Task goal: Repeat the data that follows exactly, starting at the line with "AL CAMBIO CLIMÁTICO" and ending at the line with "MYANMAR Appeal Cases", and leave out every picture.

Records for processing:
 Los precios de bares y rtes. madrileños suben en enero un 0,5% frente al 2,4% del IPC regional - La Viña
--
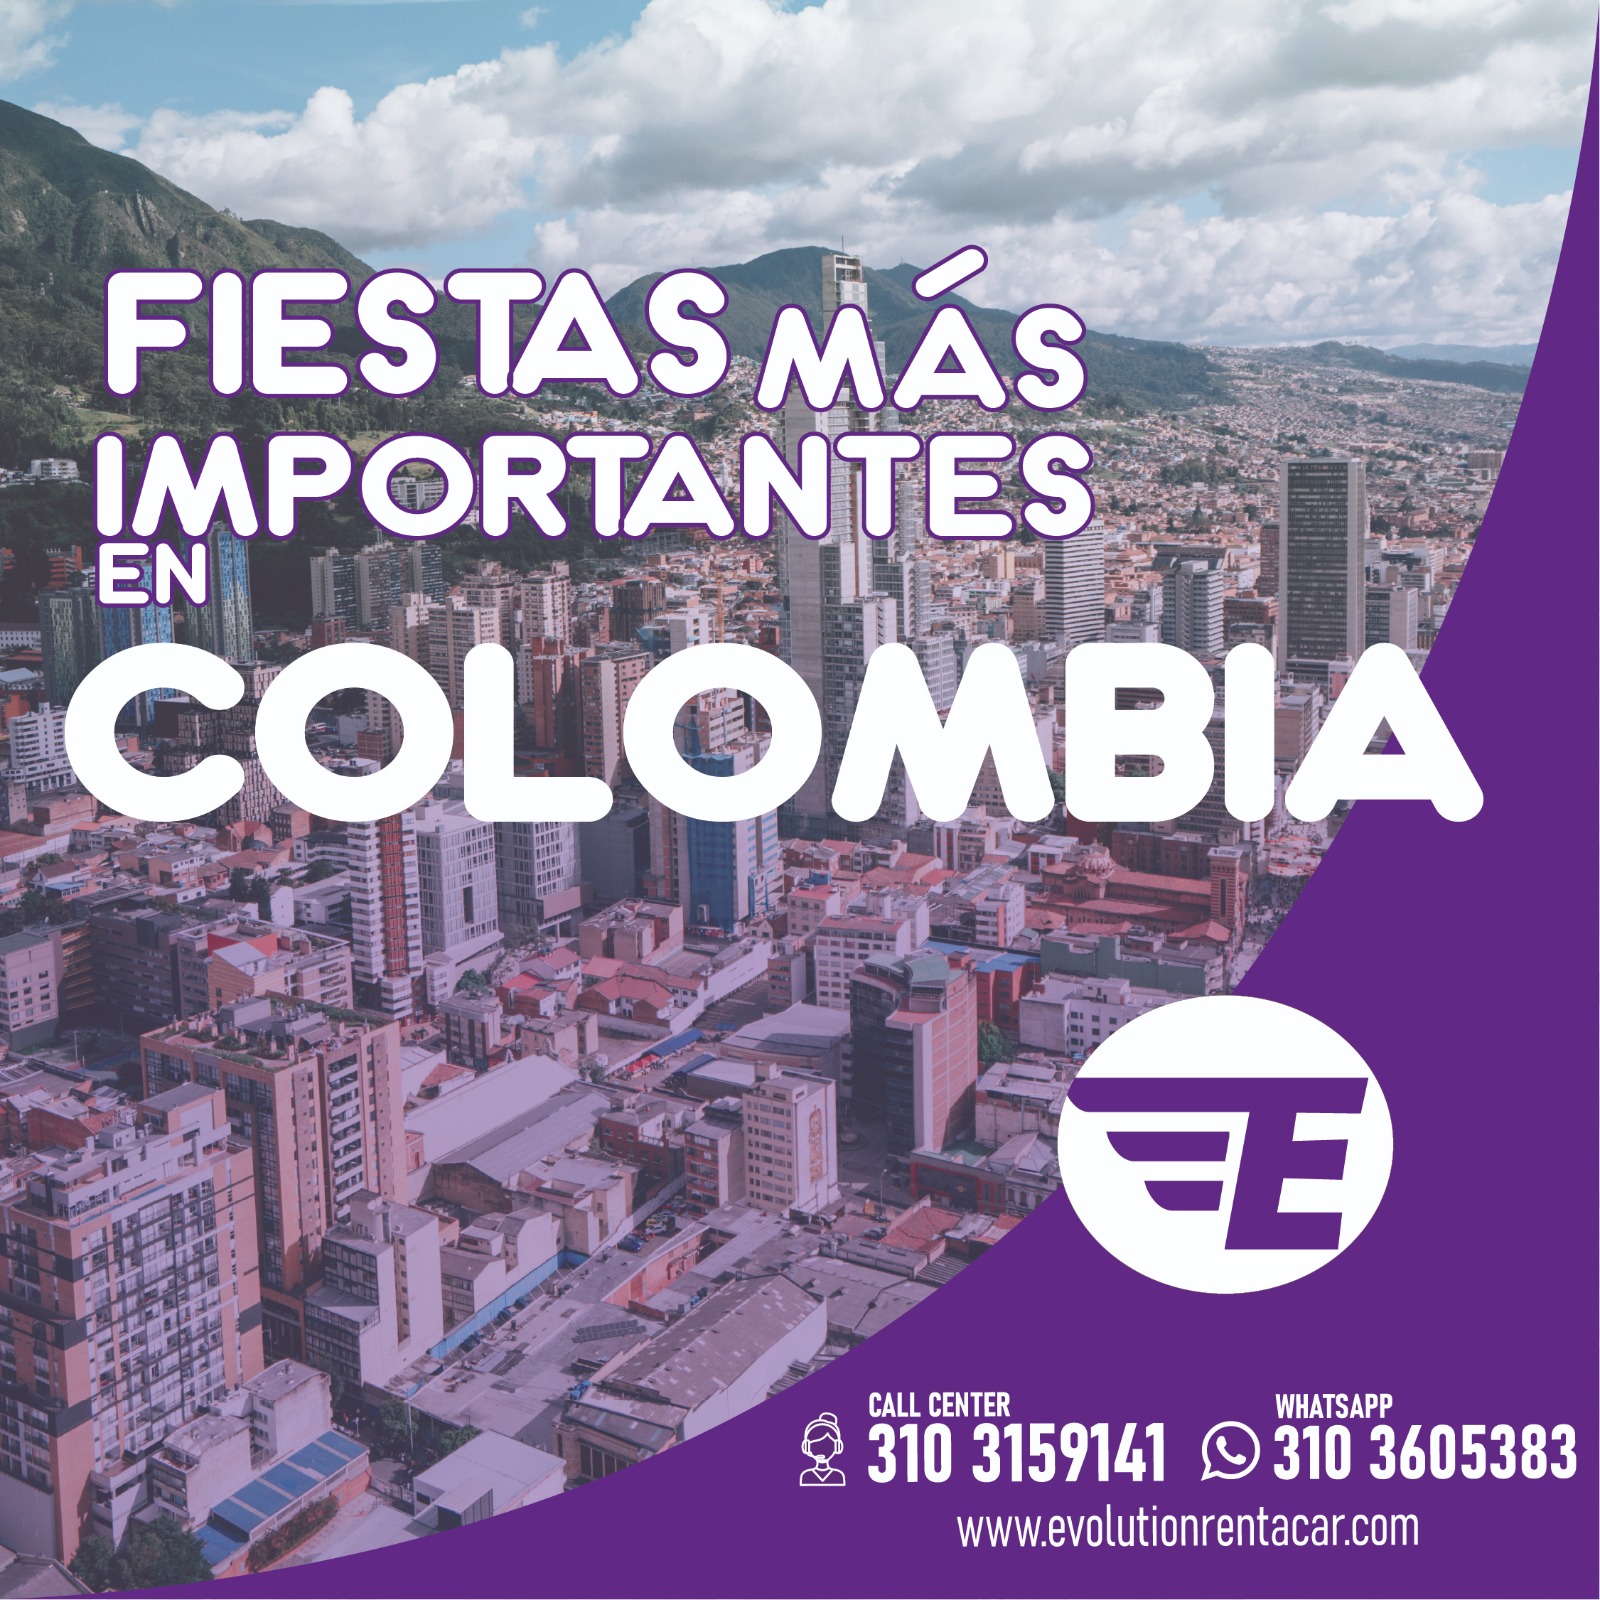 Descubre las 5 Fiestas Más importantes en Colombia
...
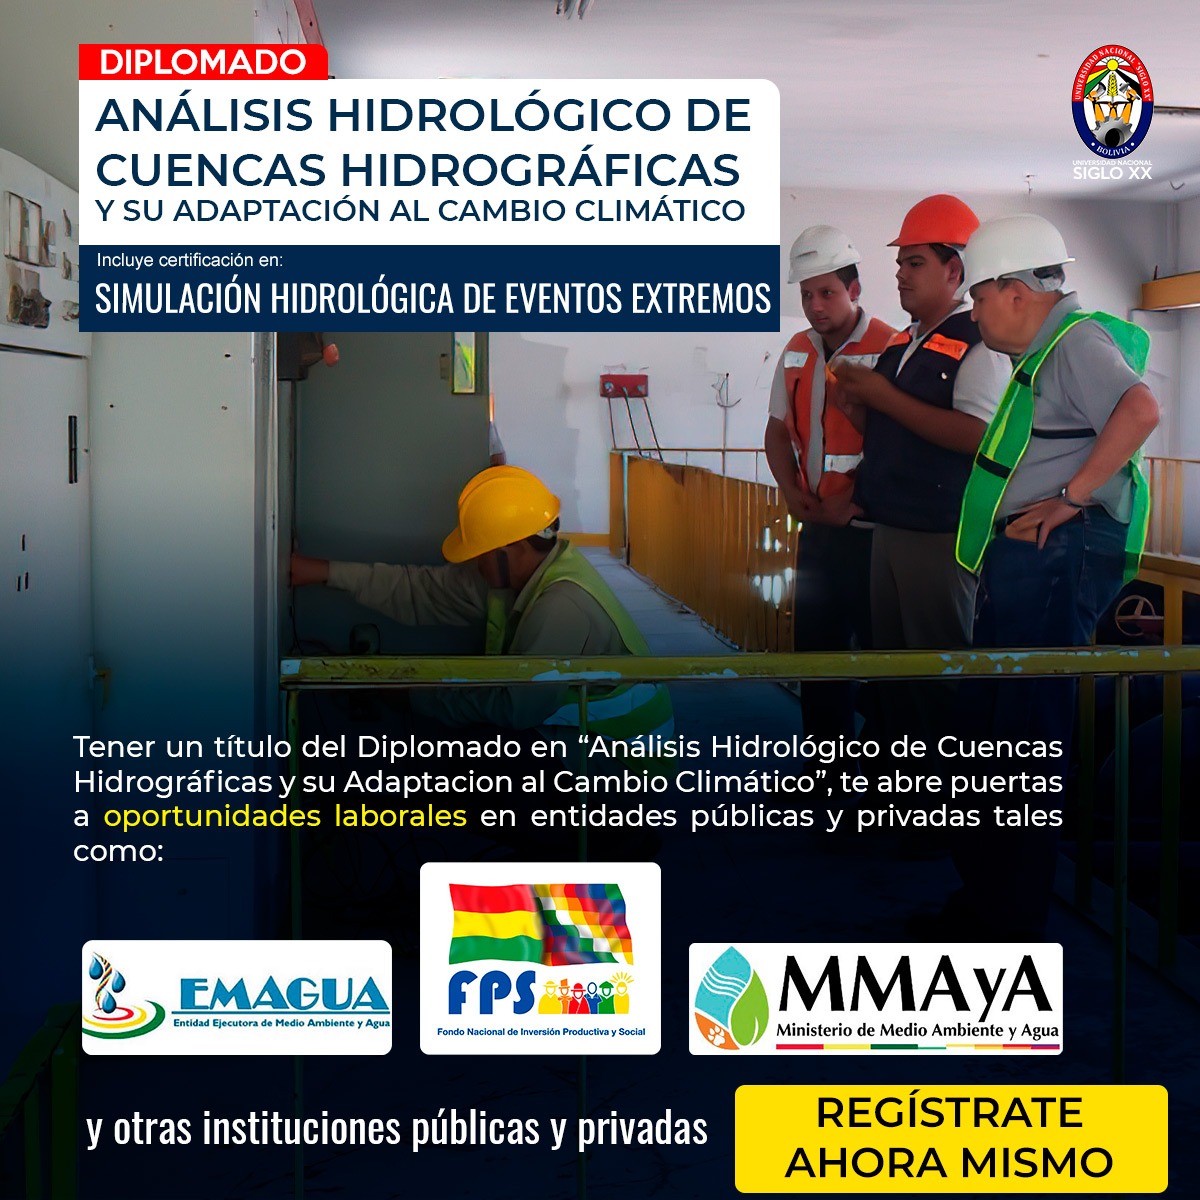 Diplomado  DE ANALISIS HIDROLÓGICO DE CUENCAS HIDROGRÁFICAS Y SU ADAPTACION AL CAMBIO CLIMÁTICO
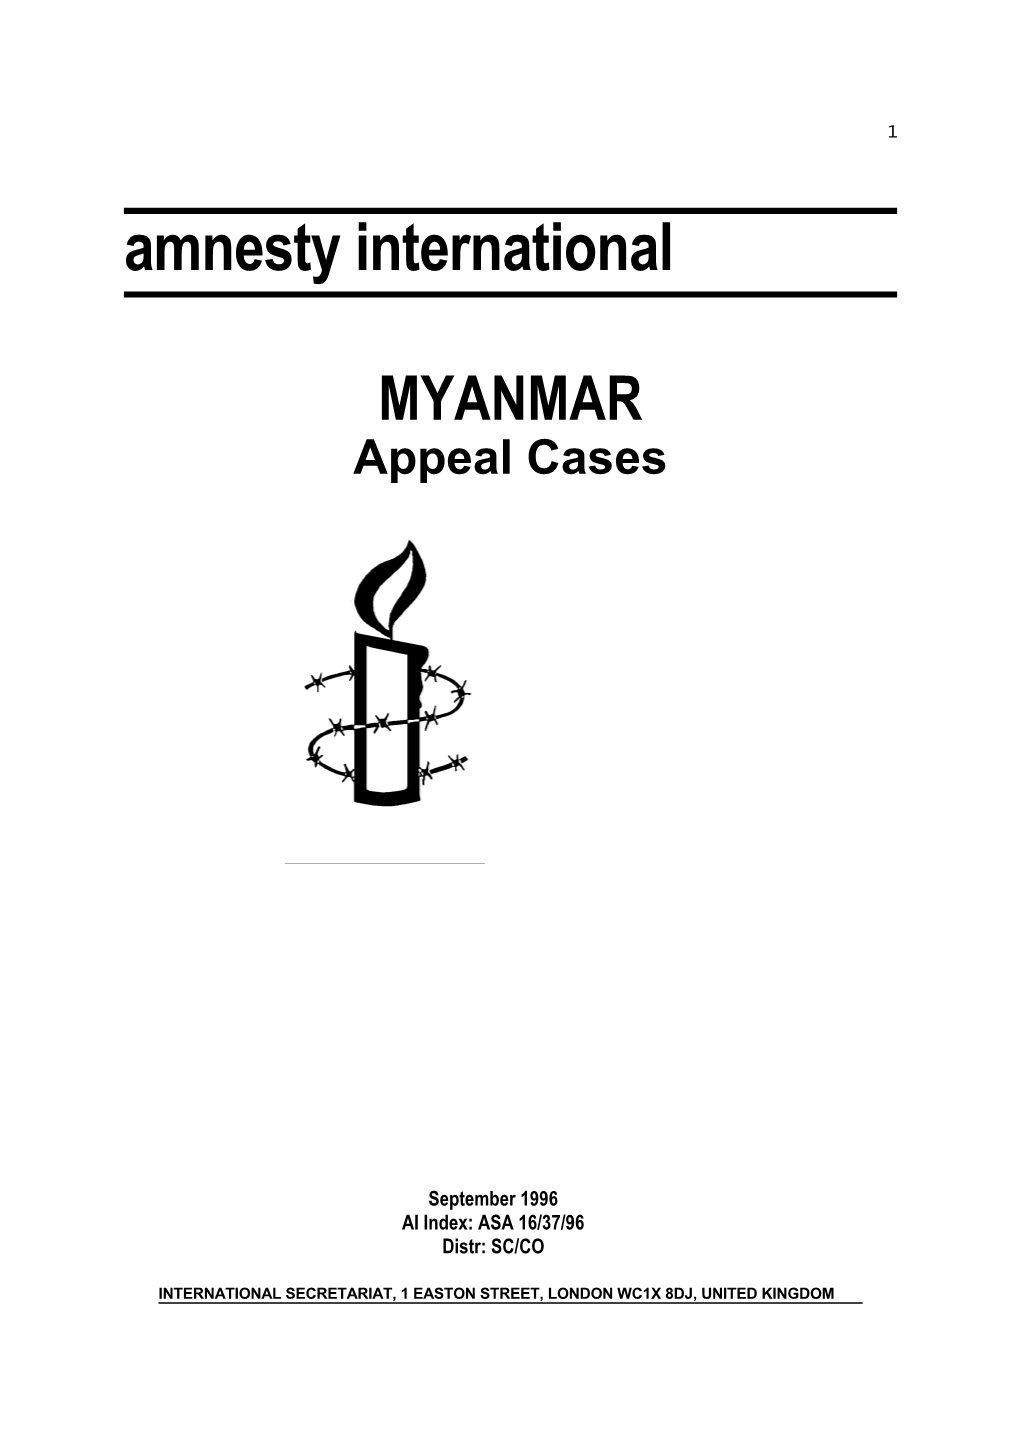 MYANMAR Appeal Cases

Task response:
 Diplomado  DE ANALISIS HIDROLÓGICO DE CUENCAS HIDROGRÁFICAS Y SU ADAPTACION AL CAMBIO CLIMÁTICO
 MYANMAR Appeal Cases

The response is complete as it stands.